Choi Jun-Hyeon, Pyo Jeong-Won, An Ye-Chan, Kuc Tae-Yong
Department of Electrical and Computer Engineering, College of Information and Communication Engineering, Sungkyunkwan University, Suwon 16419, Republic of Korea.
R&D Center, DXR Co., Ltd., Seoul 01411, Republic of Korea.
Sensors (Basel). 2025 Jul 25;25(15):4614. doi: 10.3390/s25154614.

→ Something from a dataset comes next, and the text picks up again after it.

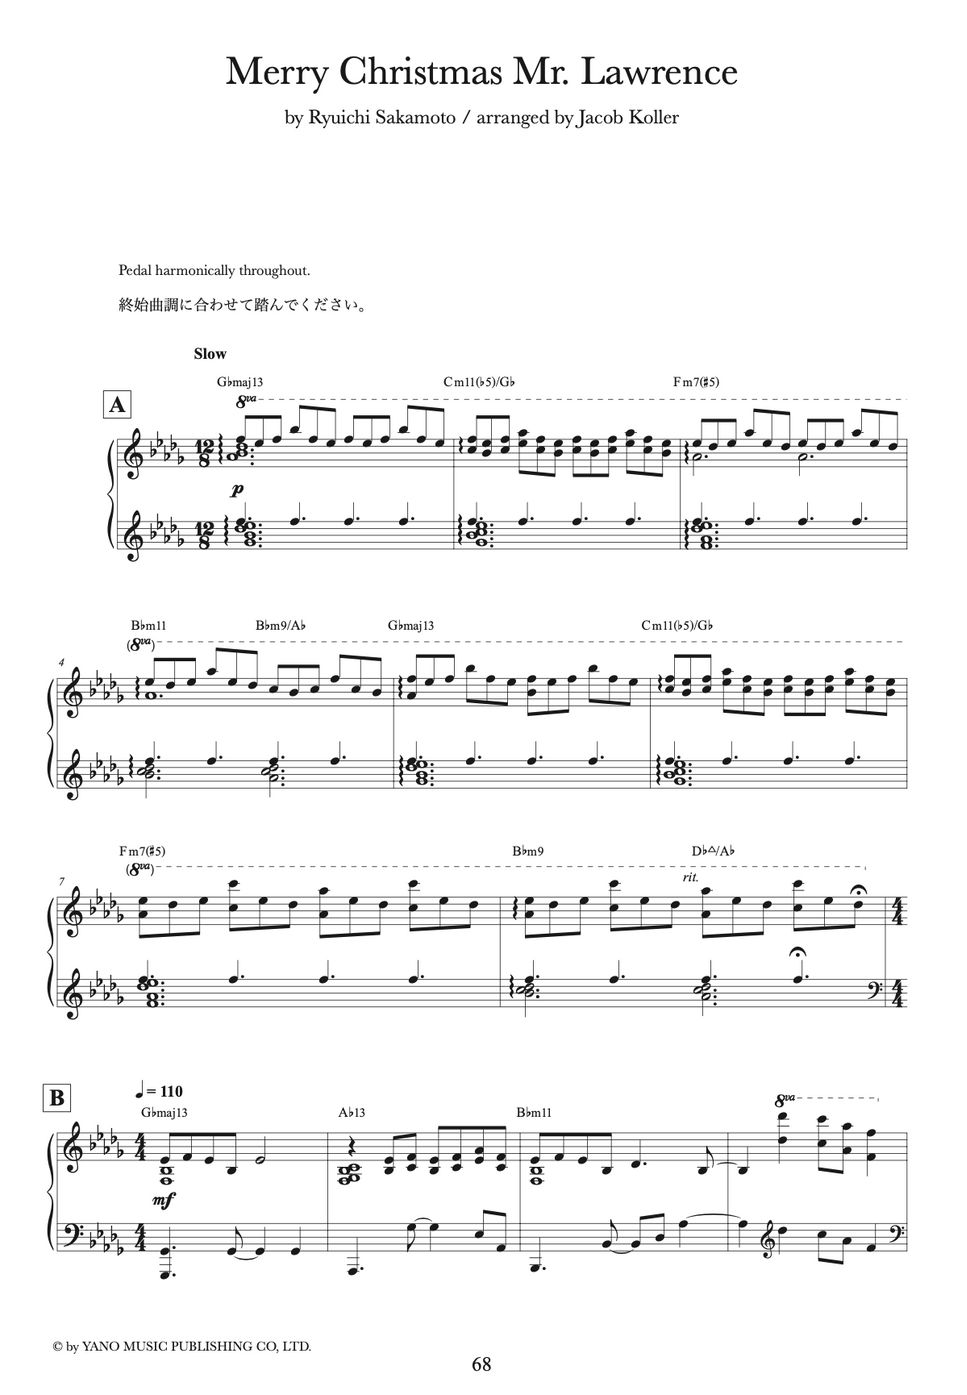 Ryuichi Sakamoto - Merry Christmas Mr. Lawrence (Modern jazz piano arrangement) by Jacob Koller

This paper introduces a hierarchical object-centric descriptor framework called TOSD (Triplet Object-Centric Semantic Descriptor). The goal of this method is to overcome the limitations of existing pixel-based and global feature embedding approaches. To this end, the framework adopts a hierarchical representation that is explicitly designed for multi-level reasoning. TOSD combines shape, color, and topological information without depending on predefined class labels. The shape descriptor captures the geometric configuration of each object. The color descriptor focuses on internal appearance by extracting normalized color features. The topology descriptor models the spatial and semantic relationships between objects in a scene. These components are integrated at both object and scene levels to produce compact and consistent embeddings. The resulting representation covers three levels of abstraction: low-level pixel details, mid-level object features, and high-level semantic structure. This hierarchical organization makes it possible to represent both local cues and global context in a unified form. We evaluate the proposed method on multiple vision tasks. The results show that TOSD performs competitively compared to baseline methods, while maintaining robustness in challenging cases such as occlusion and viewpoint changes. The framework is applicable to visual odometry, SLAM, object tracking, global localization, scene clustering, and image retrieval. In addition, this work extends our previous research on the , which represents environments using layered structures of places, objects, and their ontological relations.
本文介绍了一种名为TOSD(三元组以对象为中心的语义描述符)的分层以对象为中心的描述符框架。该方法的目标是克服现有基于像素和全局特征嵌入方法的局限性。为此,该框架采用了一种专门为多级推理设计的分层表示。TOSD结合了形状、颜色和拓扑信息,而不依赖于预定义的类标签。形状描述符捕获每个对象的几何配置。颜色描述符通过提取归一化颜色特征来关注内部外观。拓扑描述符对场景中对象之间的空间和语义关系进行建模。这些组件在对象和场景级别都进行了集成,以产生紧凑且一致的嵌入。所得表示涵盖三个抽象级别:低级像素细节、中级对象特征和高级语义结构。这种分层组织使得能够以统一的形式表示局部线索和全局上下文。我们在多个视觉任务上评估了所提出的方法。结果表明,与基线方法相比,TOSD具有竞争力,同时在遮挡和视点变化等具有挑战性的情况下保持稳健性。该框架适用于视觉里程计、同步定位与地图构建(SLAM)、对象跟踪、全局定位、场景聚类和图像检索。此外,这项工作扩展了我们之前关于 的研究,该研究使用地点、对象及其本体关系的分层结构来表示环境。